Majid Kalantar, Seyed Mahdi Hosseini, Mohammad Reza Hosseini, Mohammad Hassan Kalantar, Farmanullah, Li Guo Yang, "Effects of In Ovo Injection of Coenzyme Q10 on Hatchability, Subsequent Performance, and Immunity of Broiler Chickens", BioMed Research International, vol. 2019, Article ID 7167525, 8 pages, 2019. https://doi.org/10.1155/2019/7167525
Effects of In Ovo Injection of Coenzyme Q10 on Hatchability, Subsequent Performance, and Immunity of Broiler Chickens
Effects of in ovo injection of Q10 on hatchability, performance (feed intake (FI), body weight gain (BWG), feed/gain ratio (F/G)) traits, and immune status of Ross × Ross 308 broiler chicks, hatched from eggs laid by a 38-week-old breeder flock, were determined through 42 days after hatch. Eggs containing live embryos were injected in the amnion with 0.1 and 0.2 mL Q10 solution on day 18 of incubation. Two controls groups were included as sham and/or as an uninjected group. At 28 and 42 days of age, performance traits, serum enzyme activity, weights of immune organs, and serum antibody titer of viral diseases were determined. Results were shown that hatchability % increased by Q10 on average of 6.54% (P≤0.025) and body weight/egg weight after hatching increased up to 4.74% (P≤0.002), compared with uninjected and sham controls.

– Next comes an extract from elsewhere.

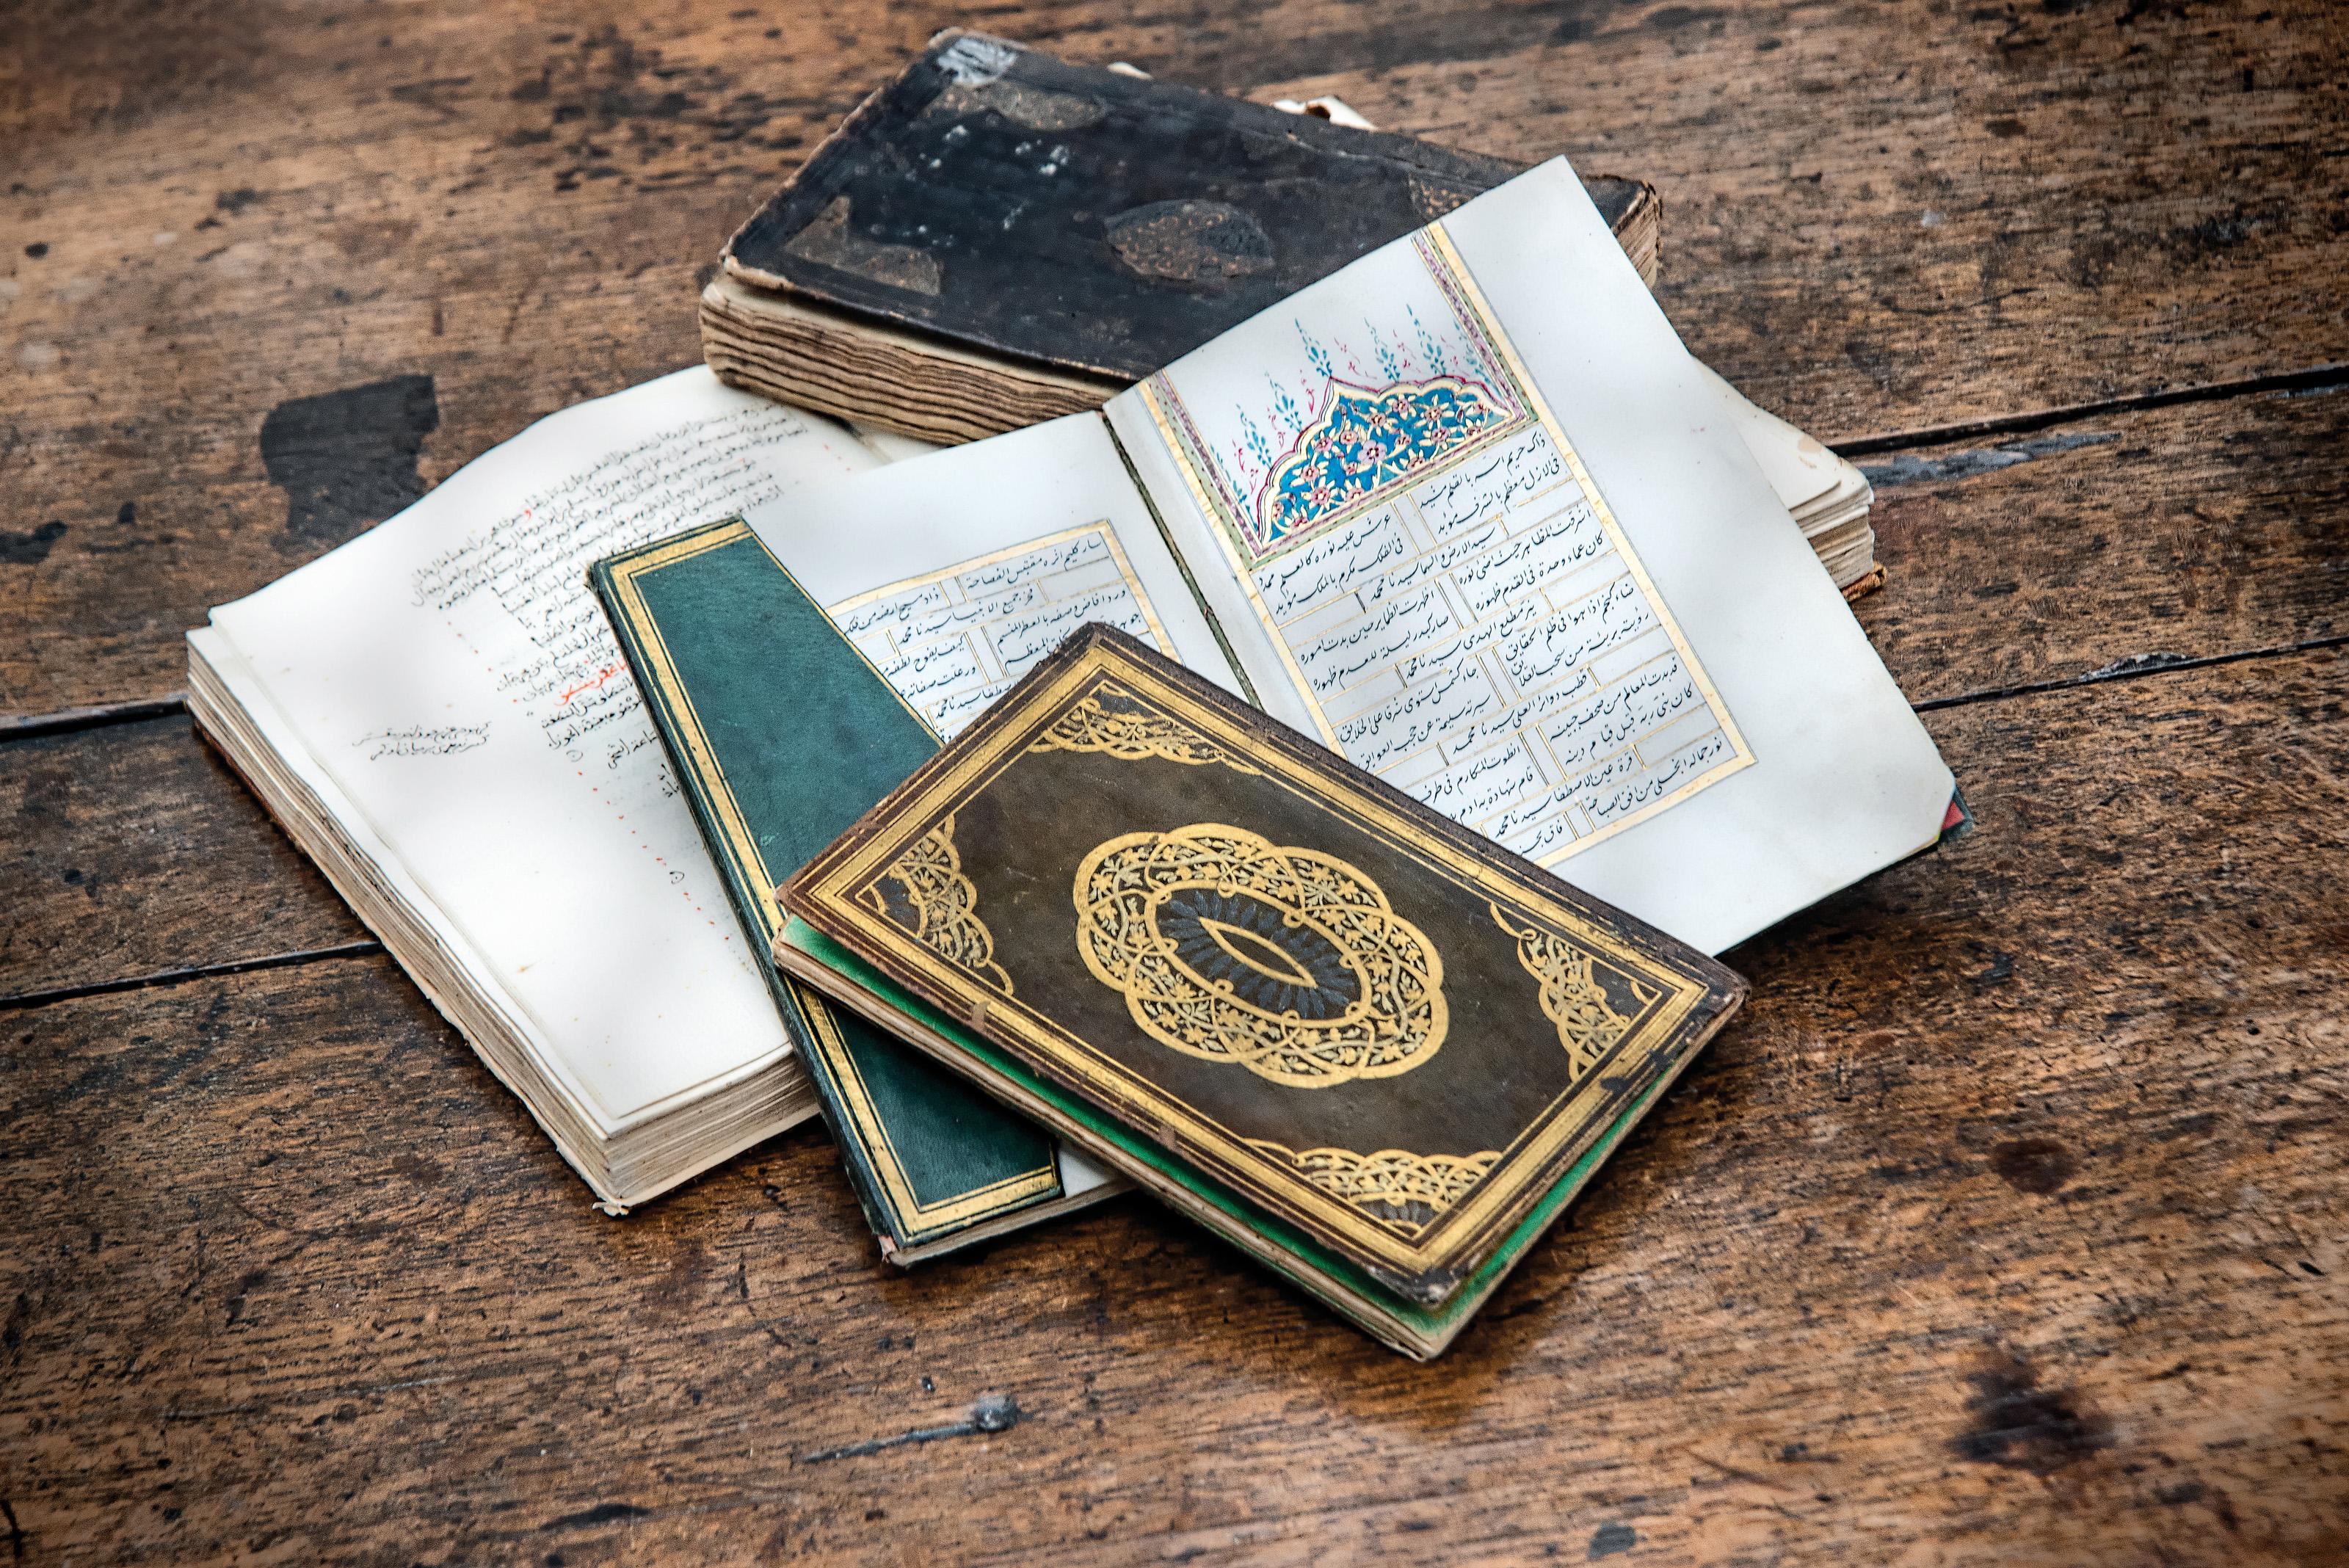 AN EARLY DIWAN OF AL-MUTANABBI

Injection of Q10 at different levels led to significant increases (P≤0.001) in performance traits all over the rearing period (P<0.05). Weight of immune organs significantly improved compared to uninjected and sham controls (P<0.05). In addition, serum antibody titers of viral diseases as well as serum enzyme activity of AST, ALT, CAT, and SOD were significantly changed by Q10 treated groups than controls (P≤0.01). In conclusion, in ovo injection of Q10 at levels of 0.1 and 0.2 mL led to significant increases in hatchability%, internal egg characteristics, and performance parameters as well as serum enzyme activity, weight of immune organs, and serum antibody titer of ND, AI, and IBD diseases.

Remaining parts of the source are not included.